There’s an ironic circularity in all this: The state, we are told, needs to raise taxes on the state’s highest earners so the state has the money to invest in higher education and student tuition aid to compensate for increased costs of attracting star-power professors – who require salaries that put them among the state’s highest earners.

As I noted in a recent Pioneer Press column

A uniquely skilled individual commanding a high salary can work just about anywhere he chooses. The mobile worker, the kind who pays the most taxes, will gravitate to where his net income, not gross income, is highest. To lure and keep highly productive individuals in Minnesota, Minnesota employers, including school districts looking for superintendents and universities seeking nationally known professors, must pay higher gross salaries to compete with low-tax states.

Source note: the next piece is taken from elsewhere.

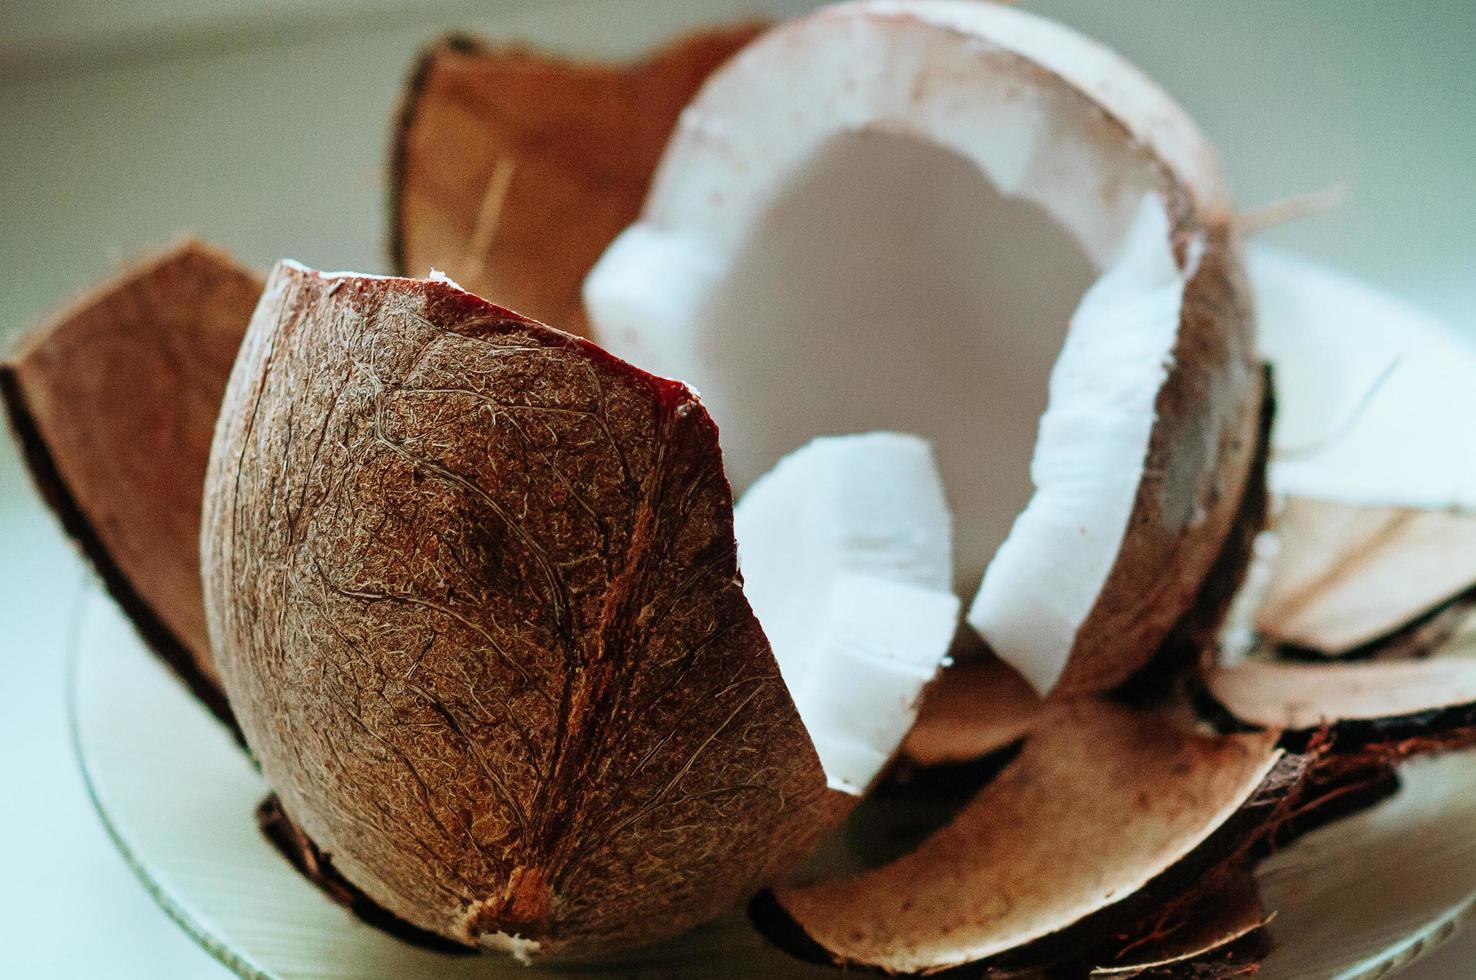 färskskuret kokosnöt på nära håll foto

Higher salaries for those already earning top dollar don’t just increase the salary gap; they contribute to higher consumer prices and lower wages for non-mobile workers — the rest of us. When a company pays top-earners more to compensate for high tax rates, it means fewer dollars available to pay the rest of a company’s employees, further increasing the real wage gap irrespective of what the Tax Incidence percentages indicate.

Sensible, economics-based tax reform, “economics” being one of the subjects taught at those institutions of higher learning, might consider reducing income-taxes to make Minnesota more attractive to highly skilled and mobile individuals. Certainly we should not make it even more difficult and expensive for the University by raising taxes on the people it is trying to hire.